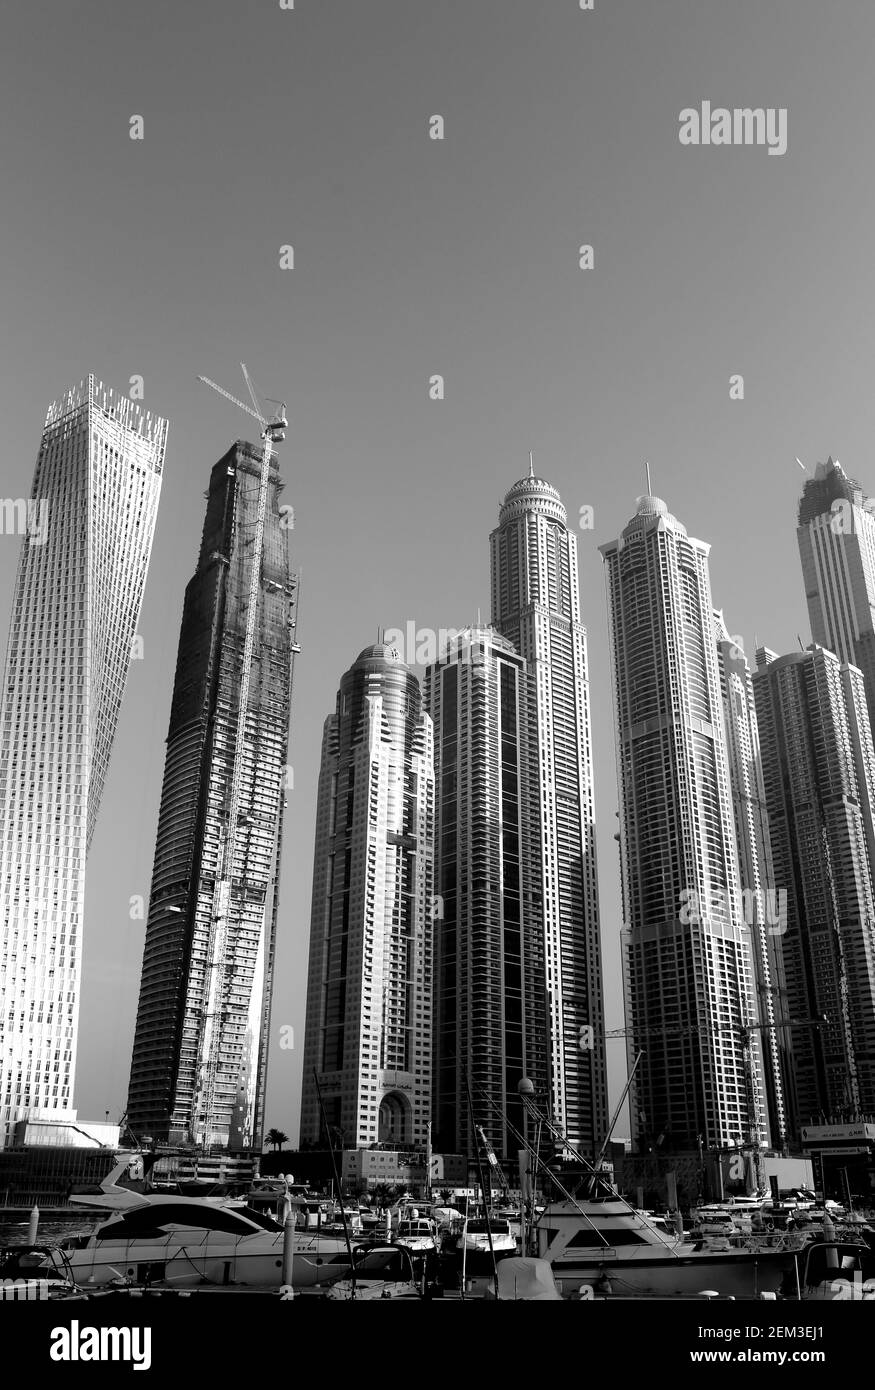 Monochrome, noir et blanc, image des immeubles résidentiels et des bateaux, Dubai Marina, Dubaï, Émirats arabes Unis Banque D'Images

•••••

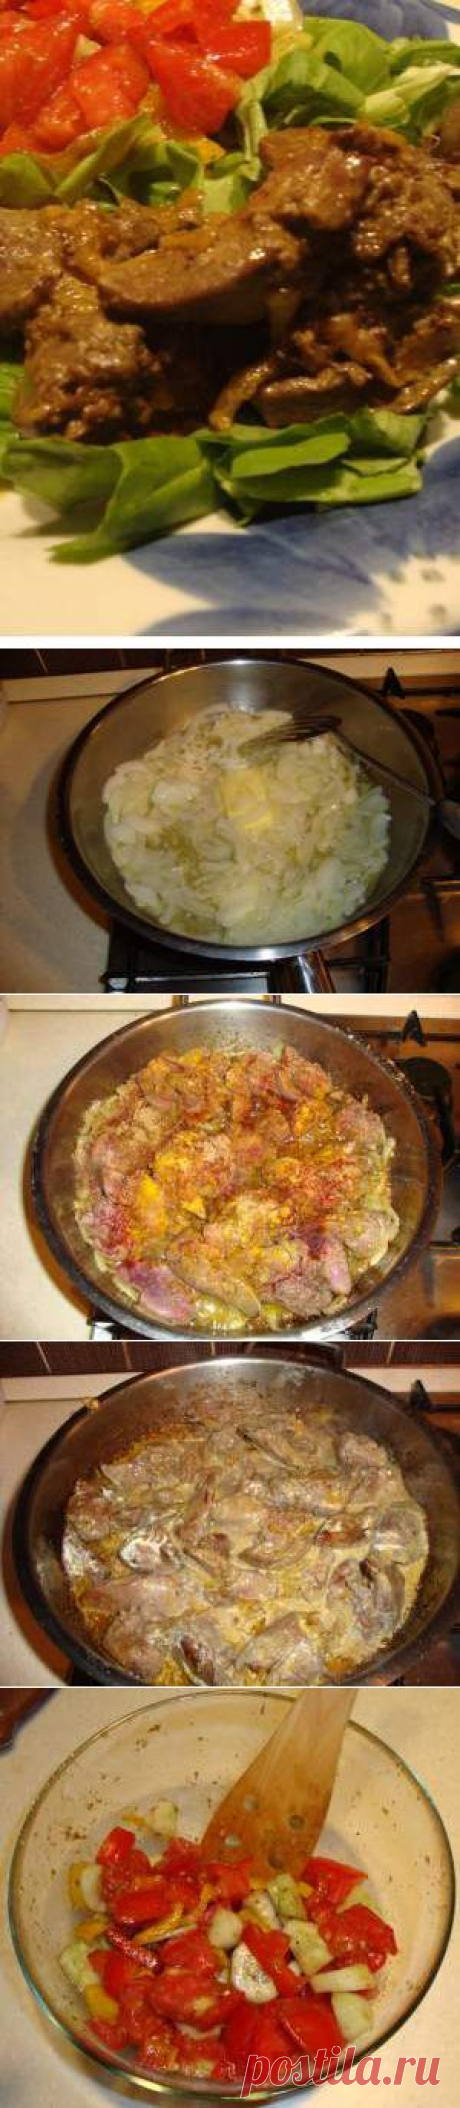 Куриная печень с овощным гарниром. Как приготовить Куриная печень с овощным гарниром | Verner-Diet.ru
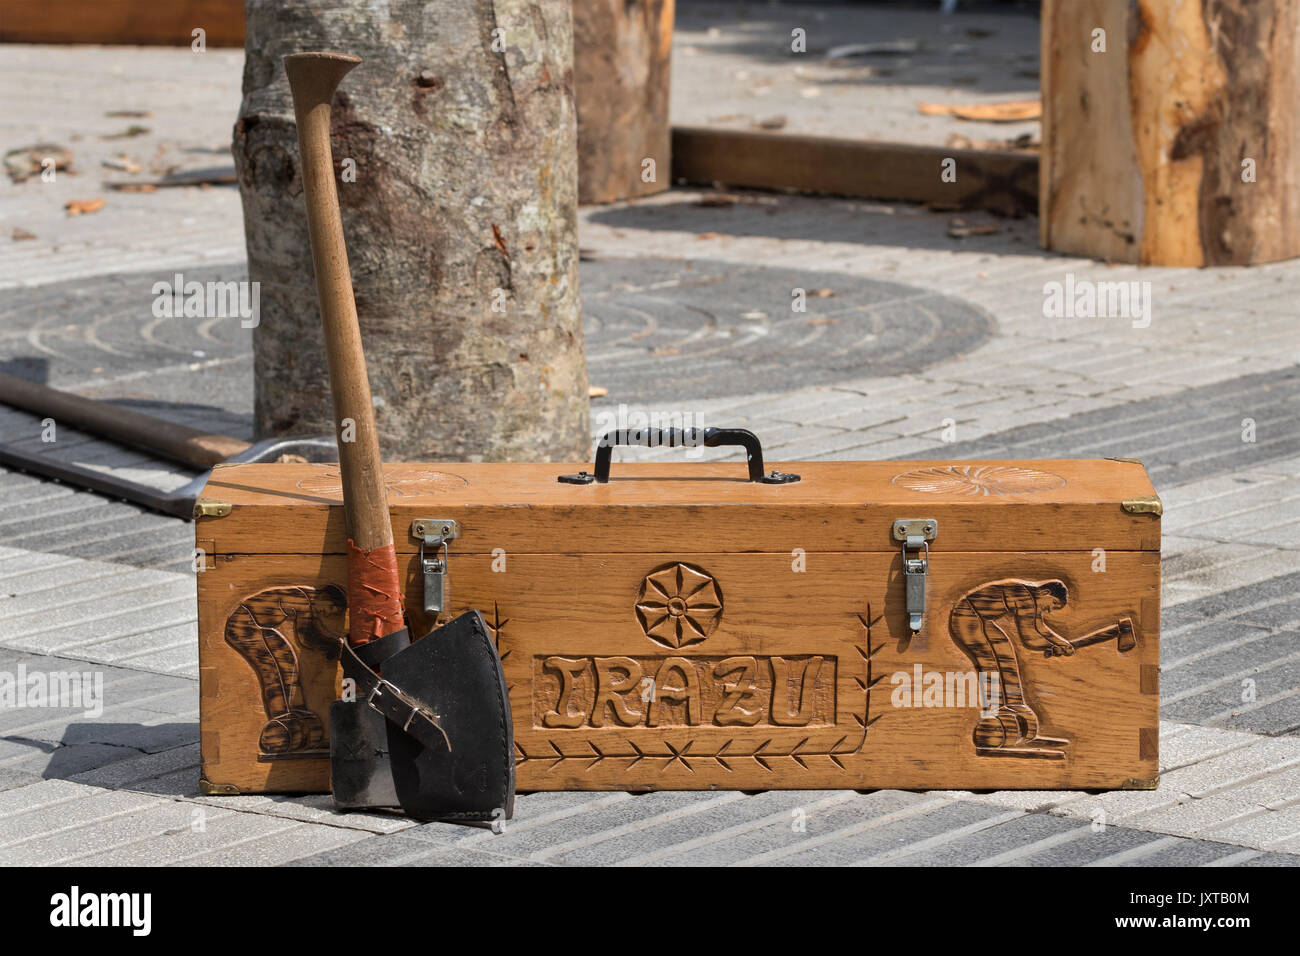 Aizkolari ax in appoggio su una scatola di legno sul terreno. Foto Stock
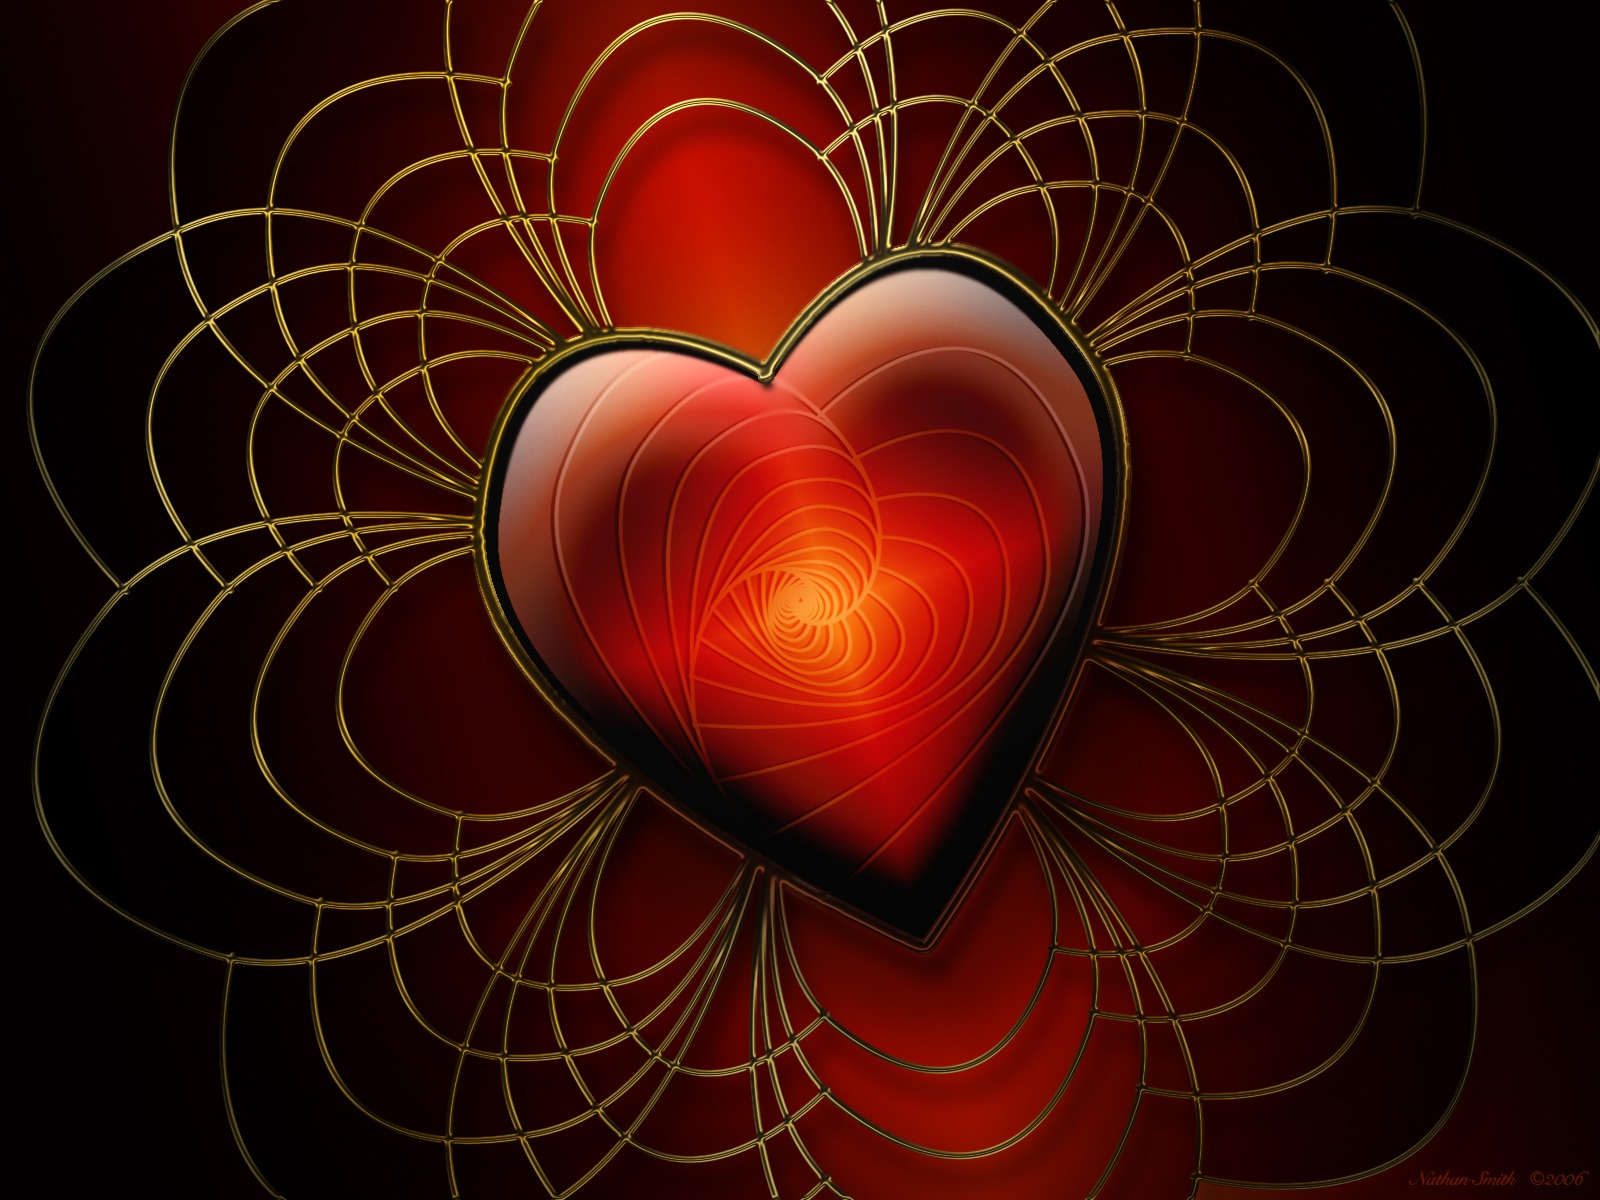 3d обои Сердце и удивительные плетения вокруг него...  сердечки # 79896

•••••

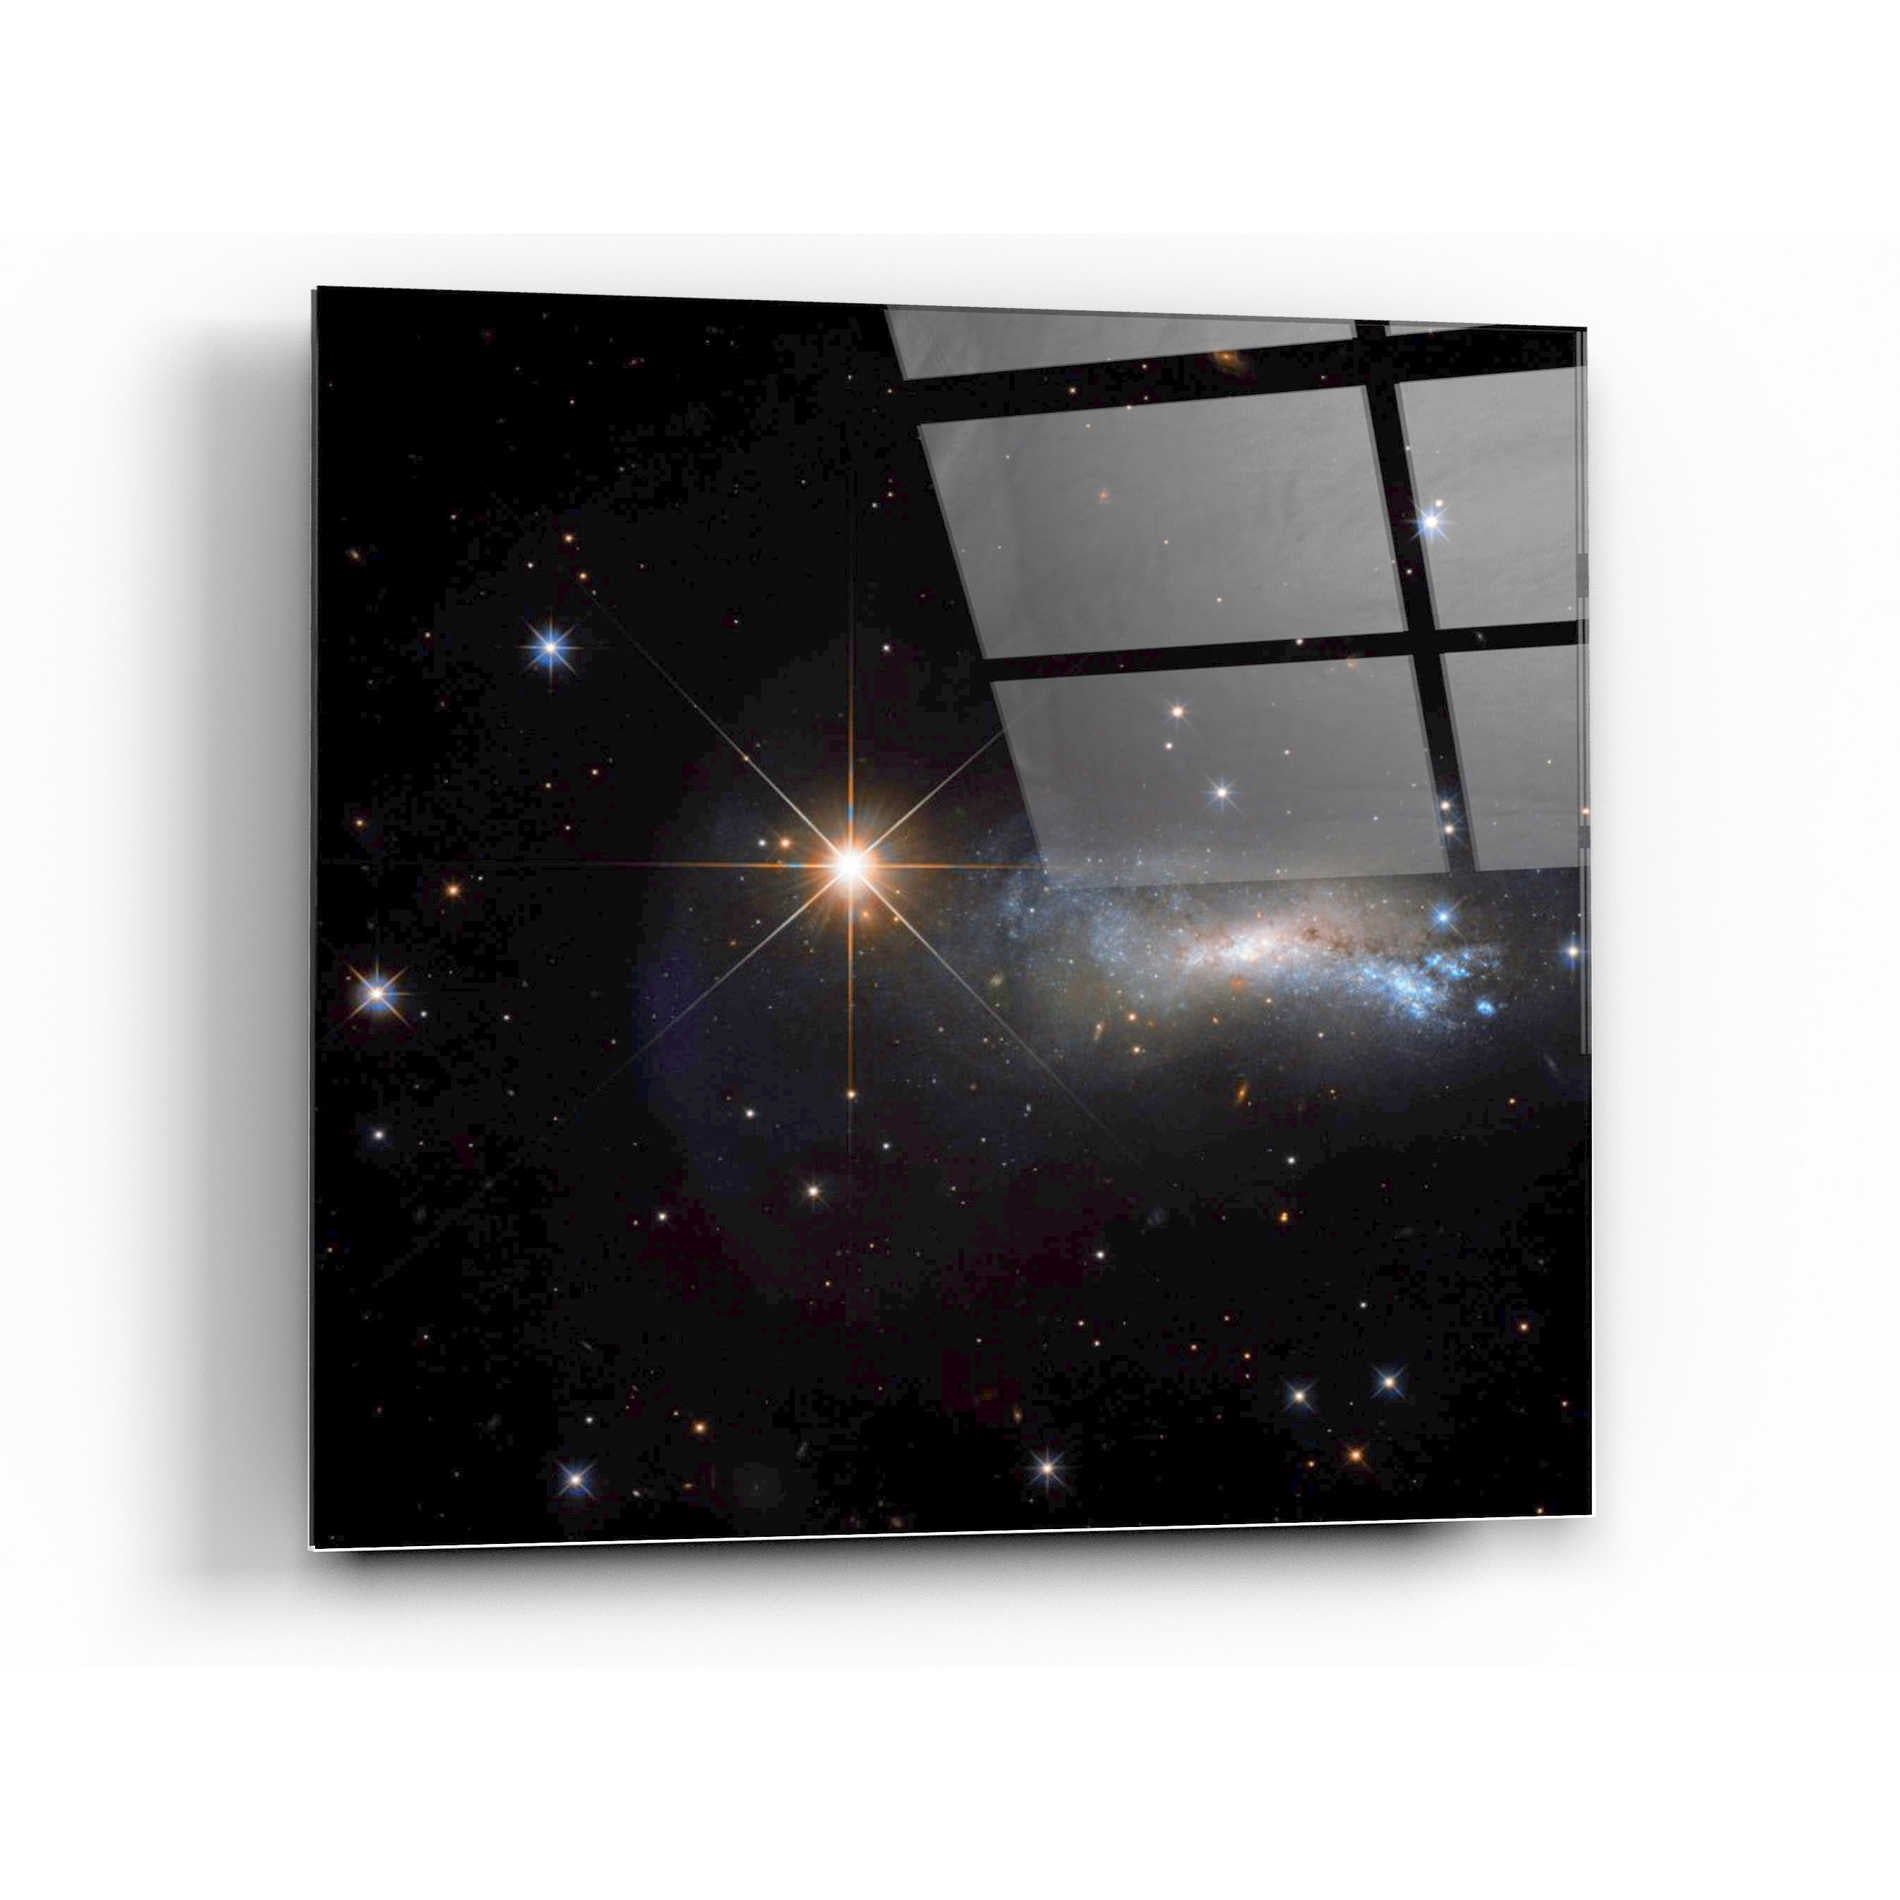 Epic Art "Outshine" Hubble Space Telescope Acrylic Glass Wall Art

•••••

- What this task involves: Work from the entries above. Set down exactly and only the lines from the line with "Aizkolari ax in" to the line with "3d обои Сердце", both included, and leave the pictures out.

- Answer box:
 Aizkolari ax in appoggio su una scatola di legno sul terreno. Foto Stock
 3d обои Сердце и удивительные плетения вокруг него...  сердечки # 79896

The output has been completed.